Meine Begeisterung hält an, denn wieder werden wir zurückversetzt ans Ende der 60er Jahre nach West-Berlin und auch Kommissar Wolf Heller ist wieder der Ermittler der Stunde. Dieses Mal wird die Frau eines Richters erwürgt. Das brisante daran: die Tote war Jüdin. Auch die jüdische Gemeinde wird bedroht und Wolf Heller muss schnell und umsichtig handeln um das Schlimmste zu verhindern, denn die Nichte der Toten wird auch noch entführt!
Spannend ist es wieder und auch wenn ich mich wiederhole. Hier haben die drei Autoren wieder ein großartiges Zeitportrait geliefert das als Kulisse für den Krimifall dient. Die Gefühlslage der Stunde wird hier großartig transportiert. Und erschreckend sind die Parallelen zu heute.

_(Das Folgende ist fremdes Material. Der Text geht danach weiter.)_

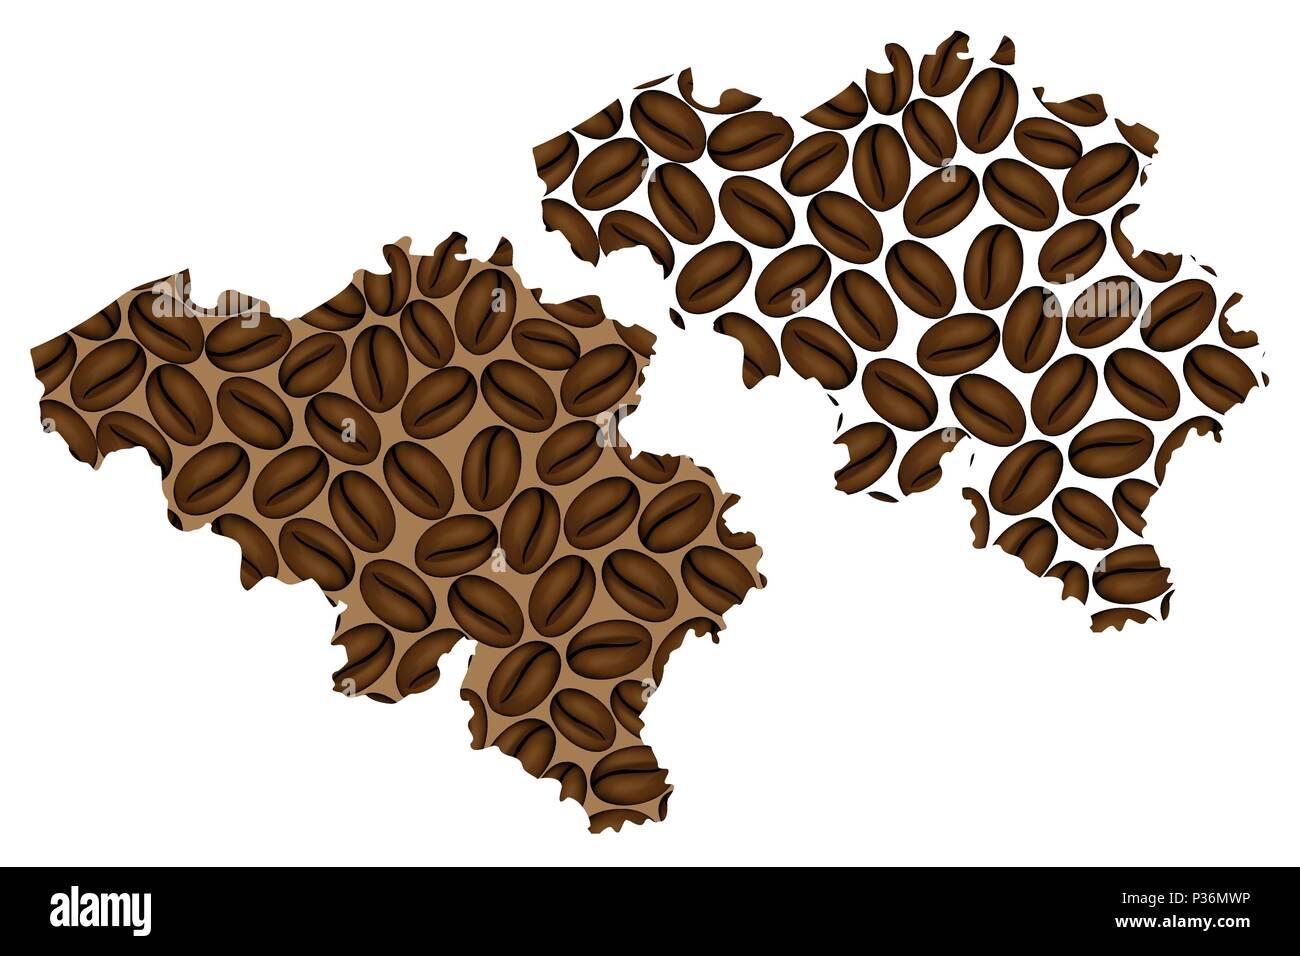 belgium map of coffee bean kingdom of belgium map made of coffee beans

Die Charaktere sind schlüssig und rund, so mancher kantig und rau, macht das Personalkabinett sehr lesenswert.
Auch wenn hier wieder 3 Autoren am Werk waren, es ist rund, liest sich gut wie aus einer Hand geschöpft. Spannend, rasant und auch tiefgründig wird es ab und an. Alles drin um niveauvoll unterhalten zu werden aus meiner Sicht.
Mein Fazit bleibt unverändert zu dem des ersten Falls: Ein Muss für alle ehemaligen West-Berliner und für Krimi-Fans, die es mögen, wenn das Buch mehr zu bieten hat als einen Fall zu lösen.